Rupert Pupkin Speaks: Underrated Westerns - J.T. Lindroos ""

Thursday, April 3, 2014

Underrated Westerns - J.T. Lindroos

JT Lindroos is a Finnish-American designer and writer. He currently reviews mostly european comics for Bookgasm, and designs book covers and occasional dvd releases. Formerly the owner of Point Blank Press, he published two volumes of Glenn (DVD Savant) Erickson's writings, as well as three books by film director Josh Becker (or Thou Shalt Not Kill… Except 'fame'). His portfolio on pinterest, hosting sharpie caricatures of Barbara Stanwyck, Warren Oates and Sam Fuller among other work, is as good a place to start as any:

Many of these films I've last seen 20-30 years ago, during the heyday of vhs. My memory of the details, plot can be hazy, but all of these stood out the crowd of thousands. There were many others, of course, but mostly those are rightly revered and you've already seen them anyway.

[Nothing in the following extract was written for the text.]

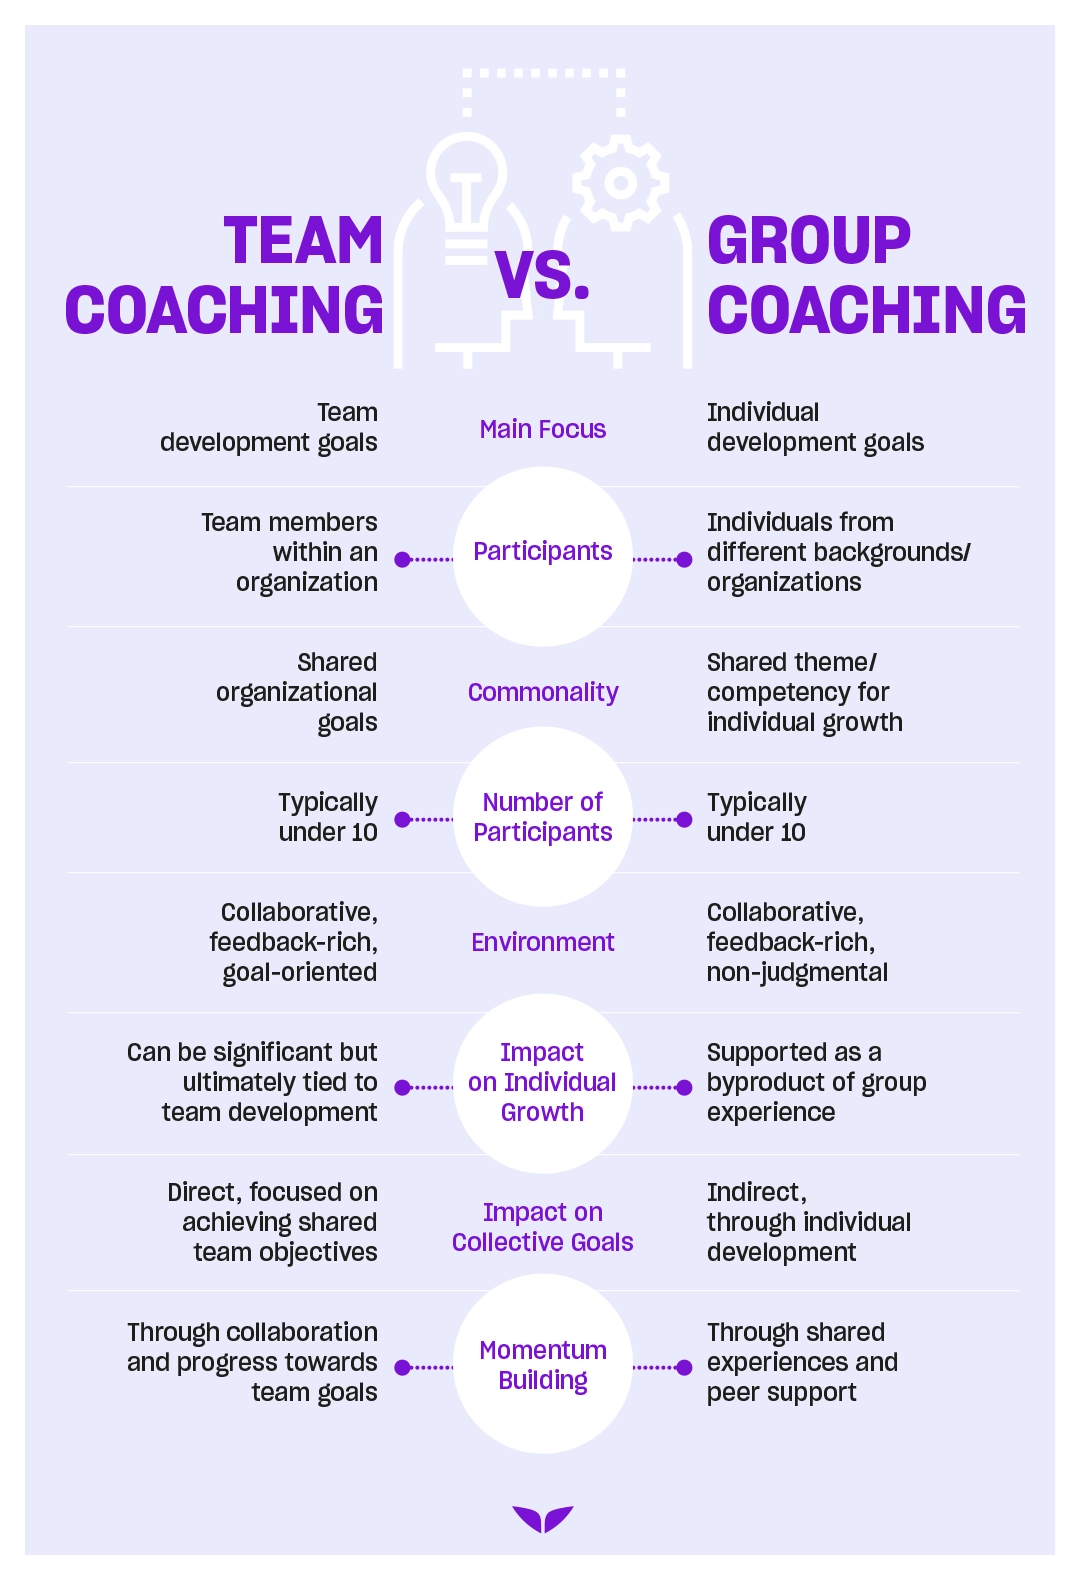 Team Coaching vs. Group Coaching

Fury at Showdown (Gerd Oswald, 1957)
It's been about 20 years since I caught this tiny little marvel on tv back in Finland. At the time I was watching Sam Fuller, Anthony Mann and Budd Boetticher films of the same era, and this gem from (mostly) tv director Gerd Oswald stood shoulder to shoulder alongside those giants. Shot reputedly in 5 days, with a cast of mostly bit players (and John Derek), I remember this being tight, claustrophobic and unsentimental, with some economically understated (but explosive) action. The central gunfight was a knockout. I never see it on any lists, and most of the comments I found online were trivial and unenthusiastic. It was ignored at the time it was made, and it remains ignored today. I'd personally love to see it again. 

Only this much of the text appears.